テンリュウカナモドキは外見はオオカナワラビに似ていますが、葉はオオカナワラビよりも硬め、胞子のう群は中肋と辺縁の中間生。
オニヤブソテツとヒメオニヤブソテツ ヤブソテツの仲間
山側から海岸方面に向かって歩いていくとはじめはテリハヤブソテツやナガバヤブソテツやが見られました。海岸線周辺ではほとんどがオニヤブソテツとヒメオニヤブソテツになります。ちょうど新芽の芽立ちの時期でナガバヤブソテツの新芽には微毛が見られ、オニヤブソテツには微毛が無く、両者の区別は明瞭でした。

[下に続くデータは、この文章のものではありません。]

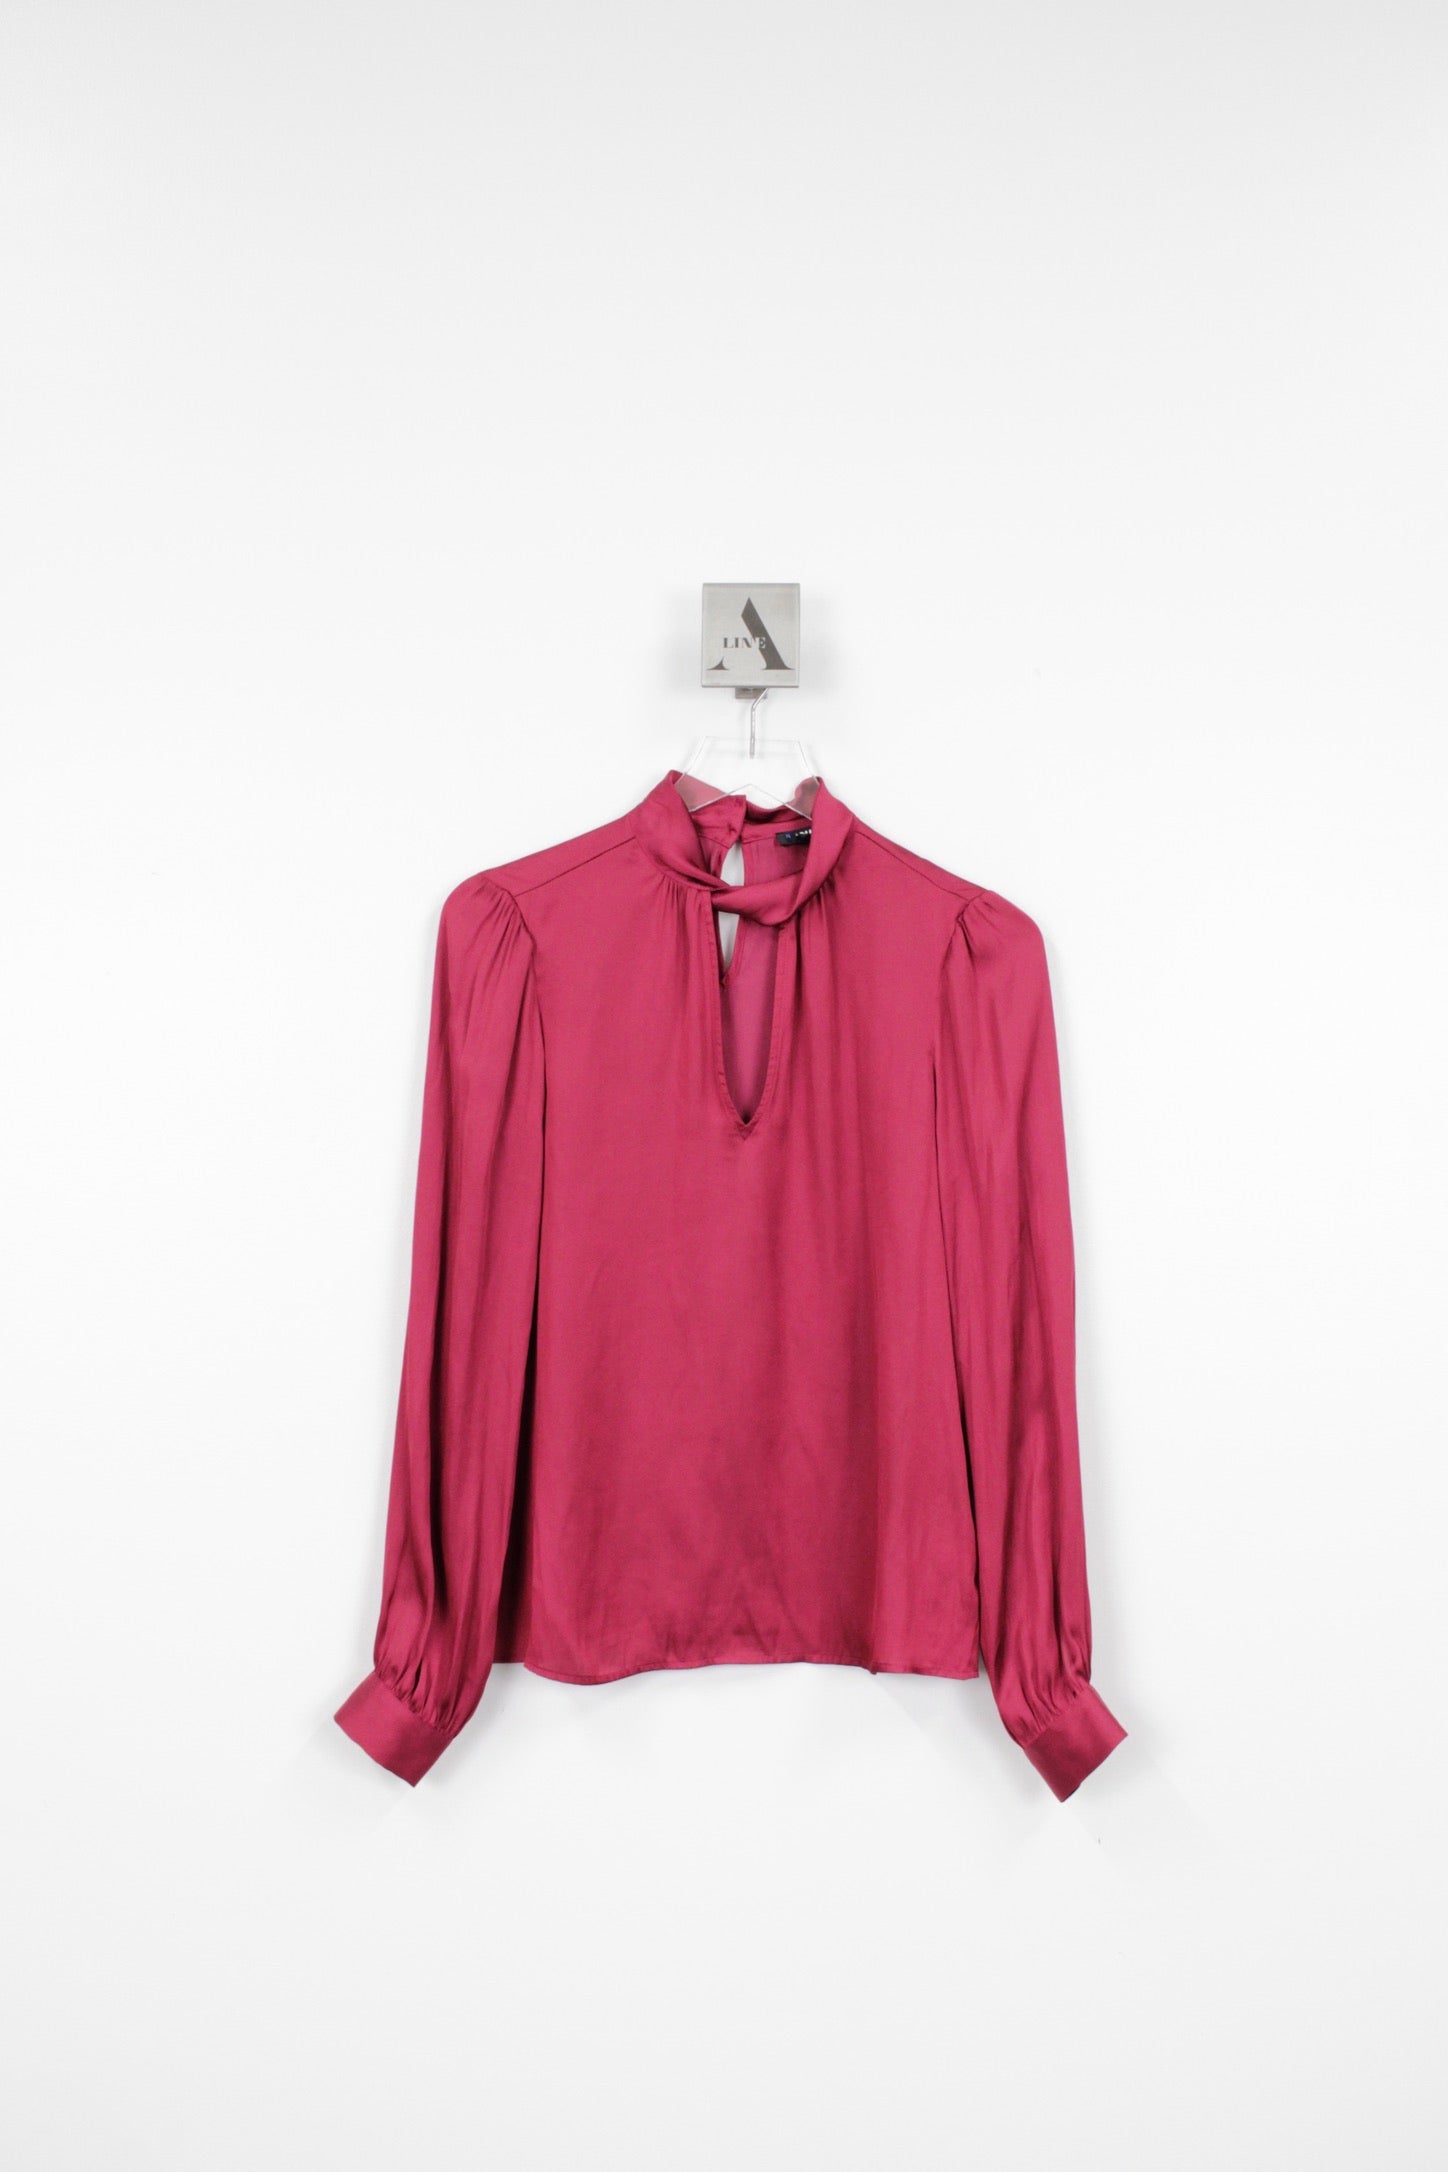 Ceres Top - Mulberry

典型的なヒメオニヤブソテツは植物体が小さく葉身は8~15㎝程度です。葉は非常に厚く、羽片も5~6対程度、海に面した水しぶきがかかりそうな切り立った岩場に着生しています。同じ岩壁の上部の草付き付近ではオニヤブソテツが生育しています。ところが、中間地帯にはオニヤブソテツかヒメオニヤブソテツどちらかに態度を決めかねる、形態も中間の個体が見られ、両者の雑種なのか、栄養や生育環境の違いによるものなのか、明瞭に区別することができませんでした。
常緑のハシゴシダ
丘陵地の稜線部や乾燥気味の林床ではハシゴシダが見られました。ハシゴシダは県内では普通夏緑性になることが多いですが神奈川県西部海岸周辺の森では場所にもよりますが常緑性のシダのようにふるまう個体も見られました。
クジャクフモトシダ フモトシダの仲間
神奈川県西部海岸周辺ではフモトシダは優勢でよく見られました。クジャクフモトシダは5~10株程度の小さな群落が2~3か所見られました。最初はフモトカグマかと思いましたが、同行の方から最下羽片が最大であることを指摘されてはじめて気づきました。クジャクフモトシダはフモトシダとイシカグマの雑種と推定されています。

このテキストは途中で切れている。